Menghaney: We are working to support India in standing up to the pressure from the U.S. Trade Representative and from pharmaceutical companies in the U.S. and Europe, as well as to potential threats posed by the [Trans-Pacific Partnership] free trade agreement. We have an overarching campaign called “Hands Off Our Medicine” that describes why India is so central to the production of affordable medicines; it is a message to the U.S. and other governments that want to restrict India’s generic production. We work on a drug by drug, country by country level to fight regulatory and patent barriers to direct-acting antivirals, new TB drugs, and of course HIV medicines. We also provide technical support for a network of organizations and civil societies that are challenging patent barriers before the patent offices in India and other developing countries where we work. Some of the groups MSF Access Campaign has been working with include the Delhi Network of Positive People in New Delhi and harm reduction networks in Mumbai and the North East of India. 

TA Report: What else has MSF been doing to influence both the U.S. and Asian governments to improve treatment for patients with HIV, hepatitis C, and drug-resistant tuberculosis?

“Our message is that treatment is possible, even in very remote, marginalized communities with the most restricted resources.”

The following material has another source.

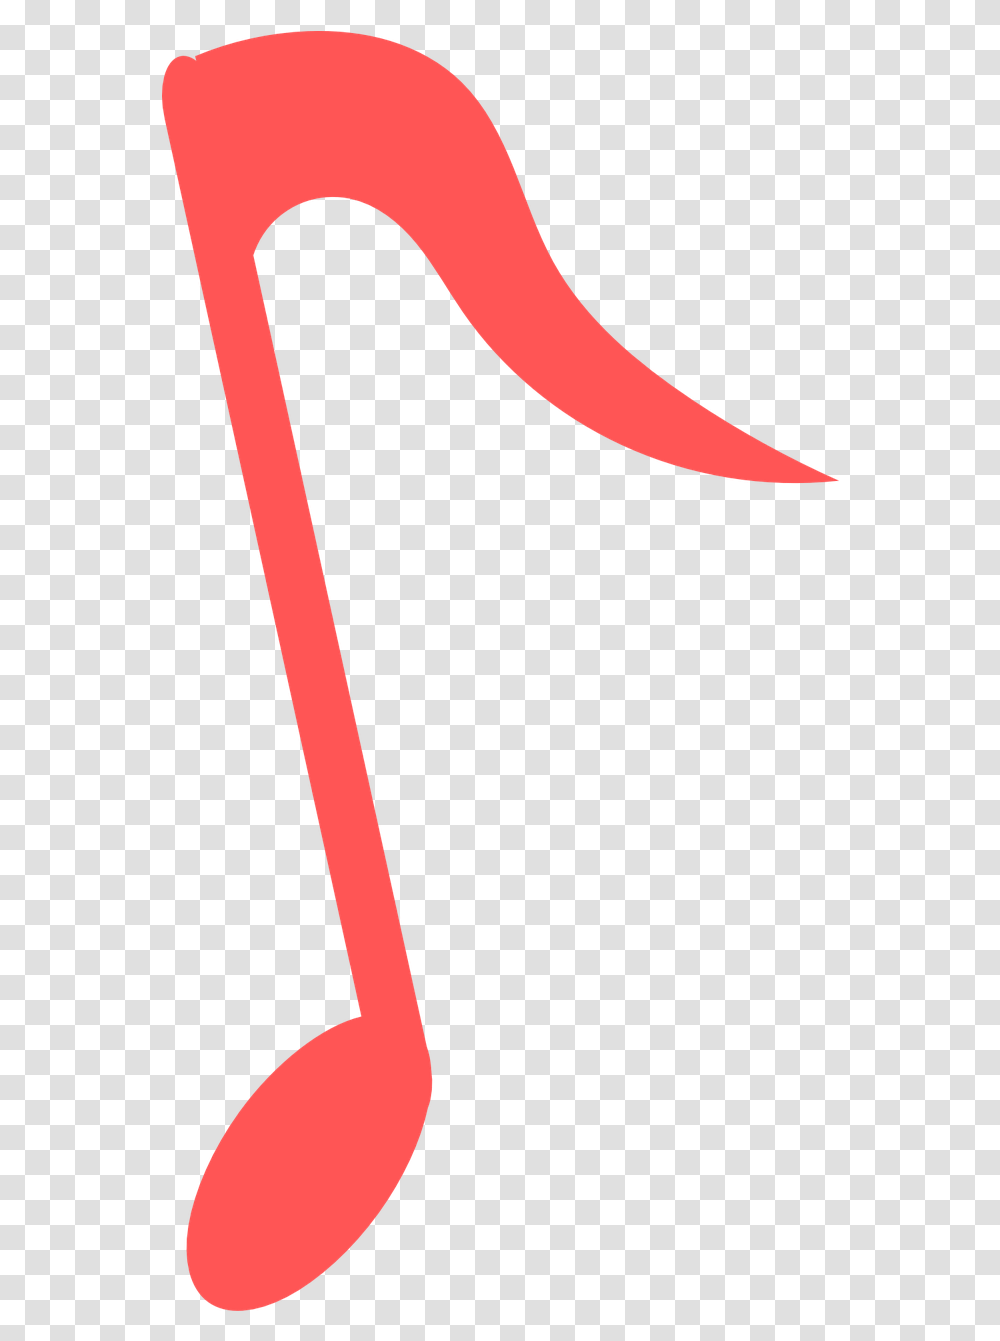 Download Music Symbol Notation Musical Image Simbolo Simbolos De Musica, Weapon, Weaponry, Emblem, Spear Transparent Png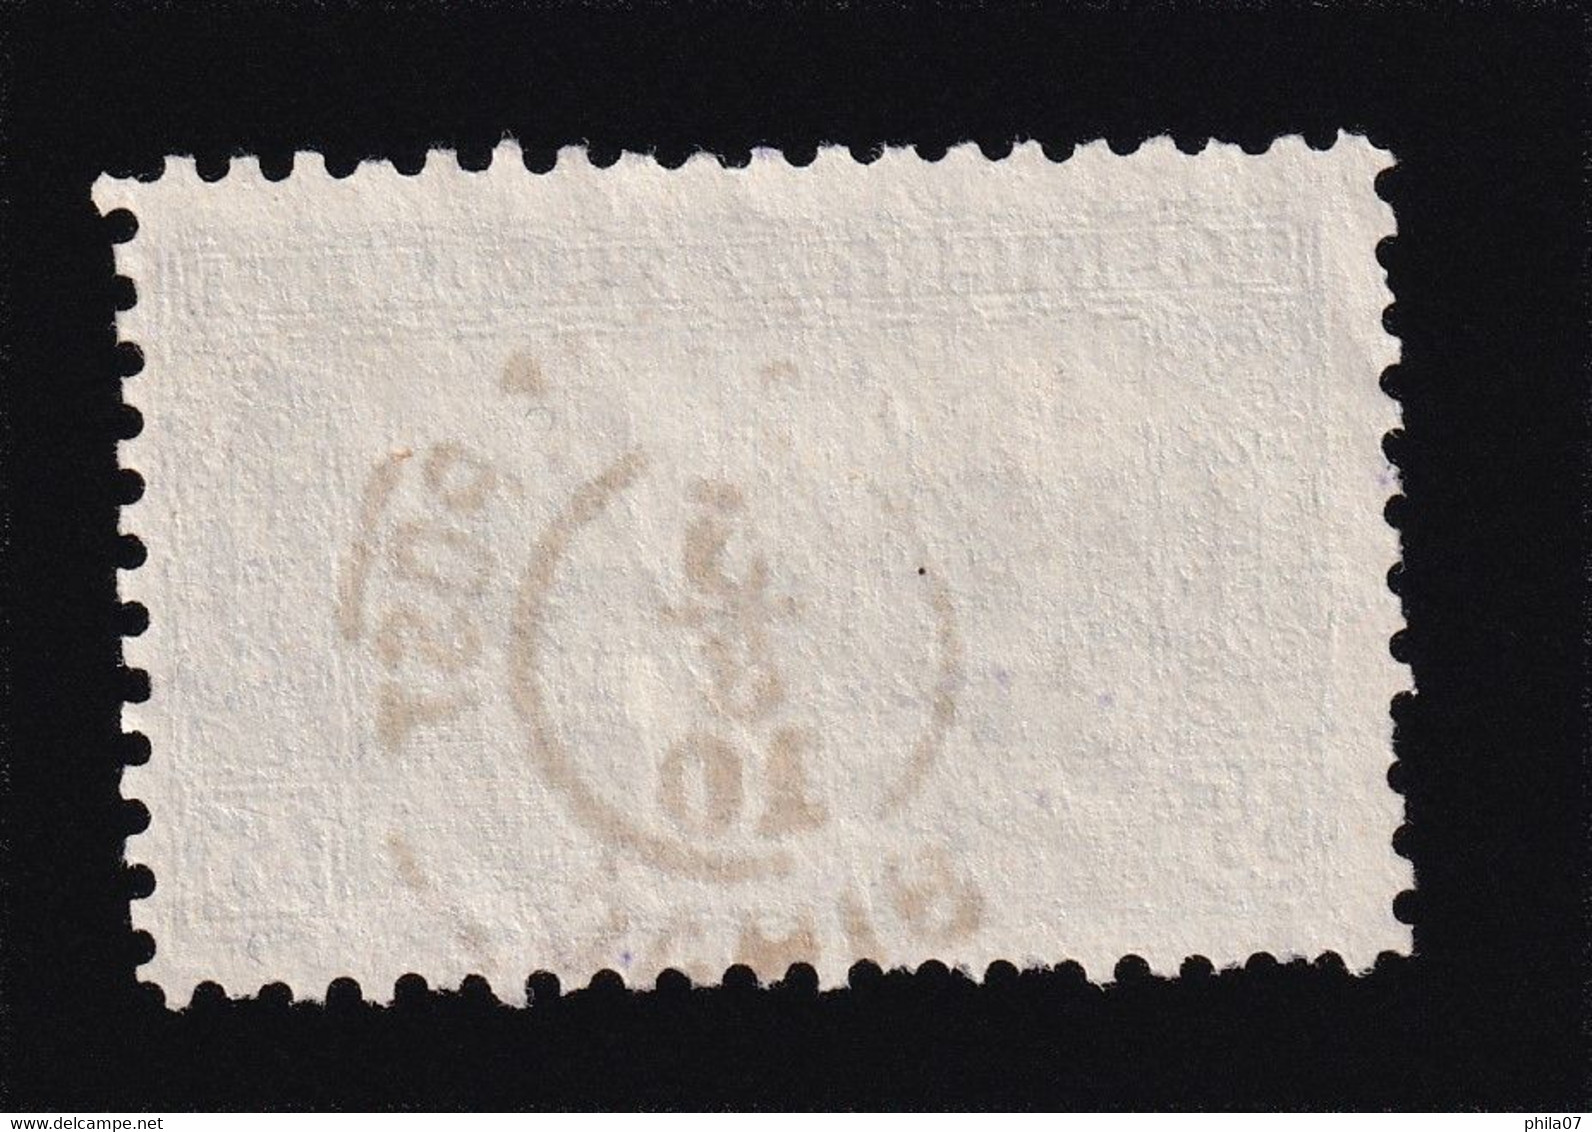 BOSNIA AND HERZEGOVINA - Landscape Stamp 35 Hellera, Perforation 9 ½, Stamp Cancelled - Bosnia And Herzegovina

Menghaney: By setting up medical projects and models of treatment in resource-poor countries, MSF creates models for how treatment can be accomplished in resource poor countries. Our message is that treatment is possible, even in very remote, marginalized communities with the most restricted resources. We also work in partnership with civil society to convince governments of the need to treat HIV irrespective of CD4 count, to provide viral load testing, and to increase access to treatment for neglected co-infections like HCV.

It is critically important for treatment providers and people affected by HIV, hepatitis C, and drug-resistant tuberculosis to hold their governments accountable for providing treatment without discrimination. There can’t be a hierarchy of who gets treatment first or who gets it last. When healthcare is treated as a human right, then governments take action to increase access to generics.